* _To do_: Skip the pictures and repeat each line of the data exactly.

* _Source material_:
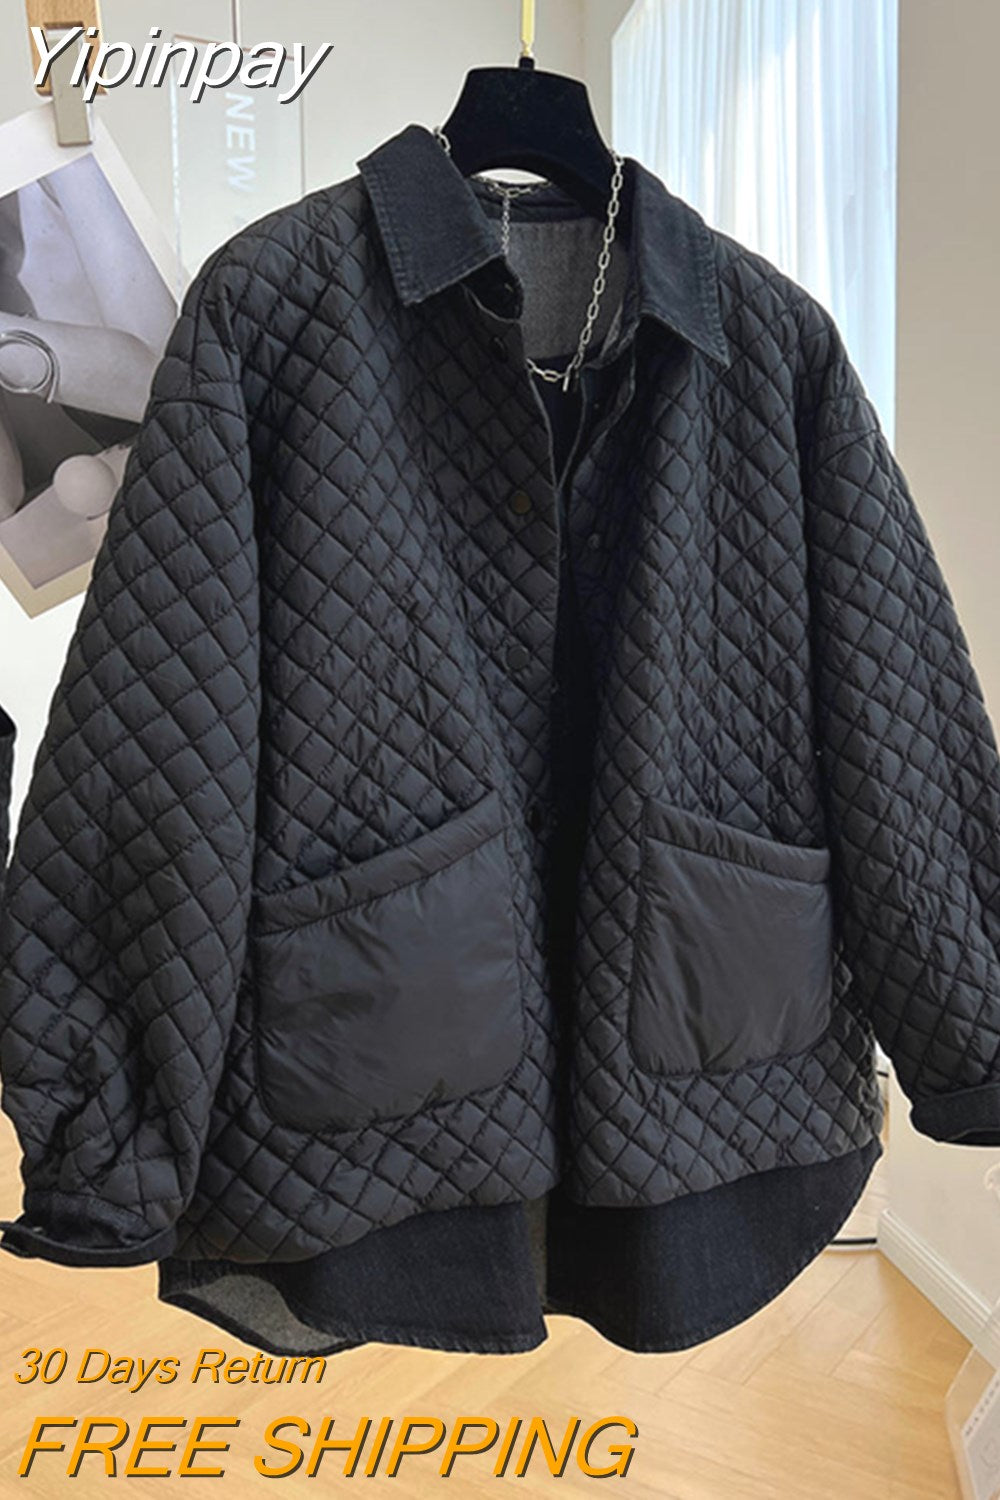 Yipinpay Winter New Diamond Plaid Cotton Coat Denim Shirt Patchwork Fake Two Piece Black Parkas Puffer Jacket Ropa Mujer Top
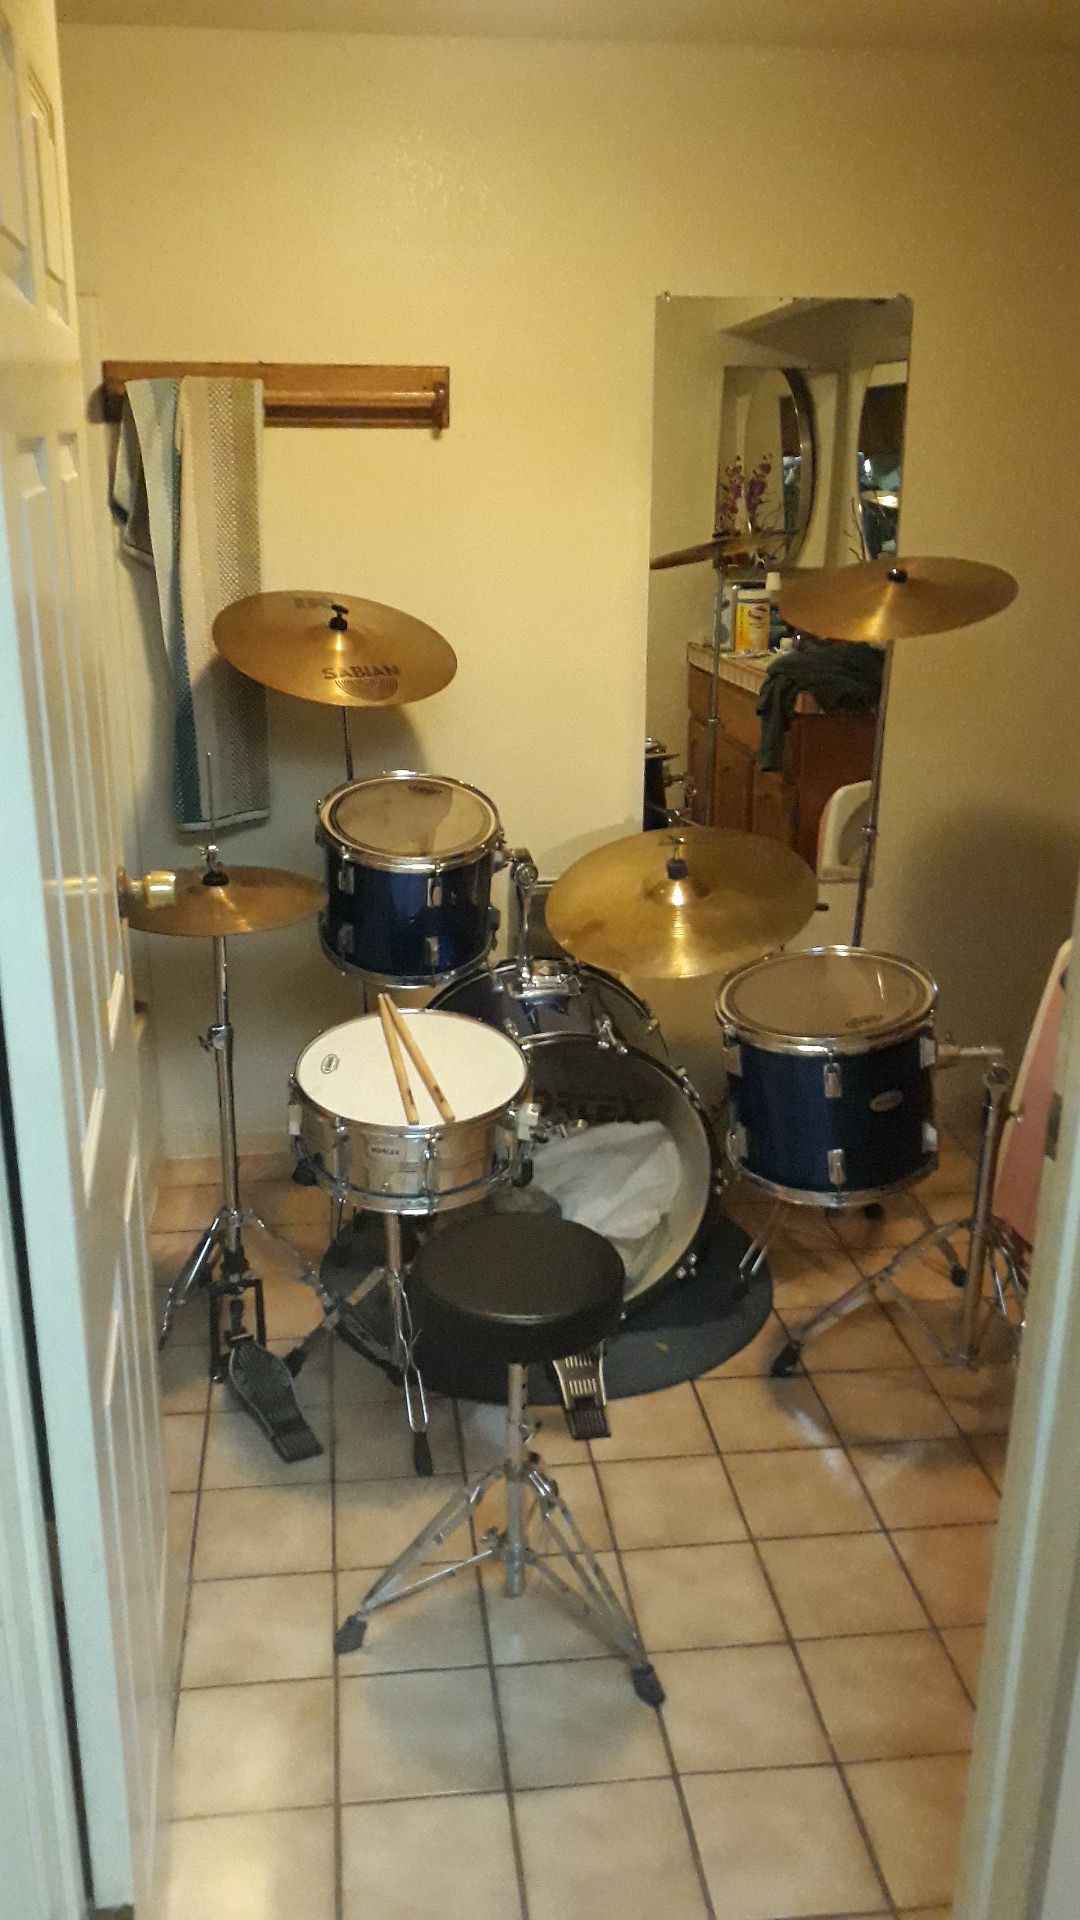 VORTEX 8 PEICE DRUM SET BLUE. TODAY ONLY SHOOT YOUR BEST OFFER OR TRADE
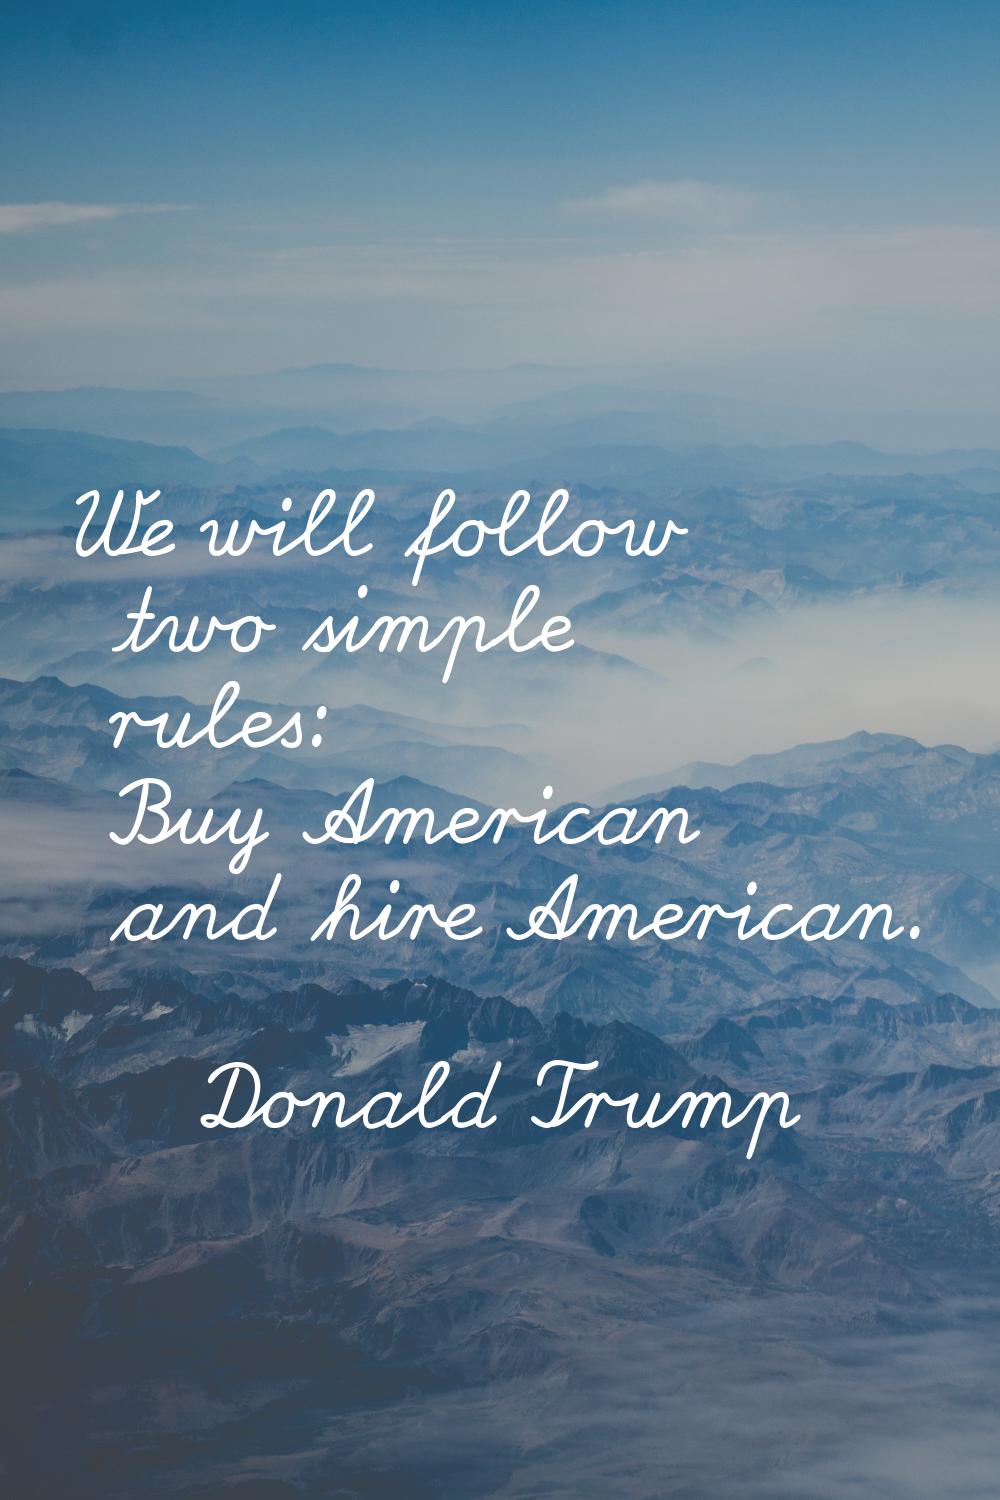 We will follow two simple rules: Buy American and hire American.

* _Exercise answer_:
 Yipinpay Winter New Diamond Plaid Cotton Coat Denim Shirt Patchwork Fake Two Piece Black Parkas Puffer Jacket Ropa Mujer Top
 VORTEX 8 PEICE DRUM SET BLUE. TODAY ONLY SHOOT YOUR BEST OFFER OR TRADE
 We will follow two simple rules: Buy American and hire American.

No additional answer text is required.